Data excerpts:
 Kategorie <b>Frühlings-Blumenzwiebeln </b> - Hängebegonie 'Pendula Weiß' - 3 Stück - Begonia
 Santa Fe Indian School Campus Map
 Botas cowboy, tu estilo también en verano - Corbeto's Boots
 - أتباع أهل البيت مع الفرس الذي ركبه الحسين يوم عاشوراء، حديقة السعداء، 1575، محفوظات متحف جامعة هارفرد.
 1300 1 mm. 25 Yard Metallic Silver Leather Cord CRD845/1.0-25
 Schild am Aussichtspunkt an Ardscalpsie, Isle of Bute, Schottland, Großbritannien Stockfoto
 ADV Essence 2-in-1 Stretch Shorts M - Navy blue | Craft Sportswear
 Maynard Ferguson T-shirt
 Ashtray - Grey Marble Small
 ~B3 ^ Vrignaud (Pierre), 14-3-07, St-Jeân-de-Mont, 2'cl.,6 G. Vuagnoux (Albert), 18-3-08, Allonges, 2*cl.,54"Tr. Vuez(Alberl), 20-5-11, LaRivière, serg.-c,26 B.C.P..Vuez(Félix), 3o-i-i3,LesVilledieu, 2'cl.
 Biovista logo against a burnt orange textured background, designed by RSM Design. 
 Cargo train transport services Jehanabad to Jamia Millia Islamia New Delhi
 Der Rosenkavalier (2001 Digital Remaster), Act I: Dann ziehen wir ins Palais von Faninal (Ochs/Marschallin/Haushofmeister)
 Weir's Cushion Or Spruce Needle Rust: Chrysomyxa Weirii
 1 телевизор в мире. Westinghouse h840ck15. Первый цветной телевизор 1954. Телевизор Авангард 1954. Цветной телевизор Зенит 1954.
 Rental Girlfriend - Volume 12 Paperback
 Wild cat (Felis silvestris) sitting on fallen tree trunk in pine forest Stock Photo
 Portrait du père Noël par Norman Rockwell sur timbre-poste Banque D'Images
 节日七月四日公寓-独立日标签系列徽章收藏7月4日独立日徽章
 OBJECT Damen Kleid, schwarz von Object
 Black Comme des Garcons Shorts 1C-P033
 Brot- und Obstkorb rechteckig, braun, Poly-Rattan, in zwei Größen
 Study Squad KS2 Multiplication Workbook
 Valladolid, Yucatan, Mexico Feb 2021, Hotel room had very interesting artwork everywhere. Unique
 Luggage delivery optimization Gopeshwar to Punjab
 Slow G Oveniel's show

### WHAT YOU HAVE TO DO
If a line in the records has the word "Shorts", copy that line.

### SOLUTION
 ADV Essence 2-in-1 Stretch Shorts M - Navy blue | Craft Sportswear
 Black Comme des Garcons Shorts 1C-P033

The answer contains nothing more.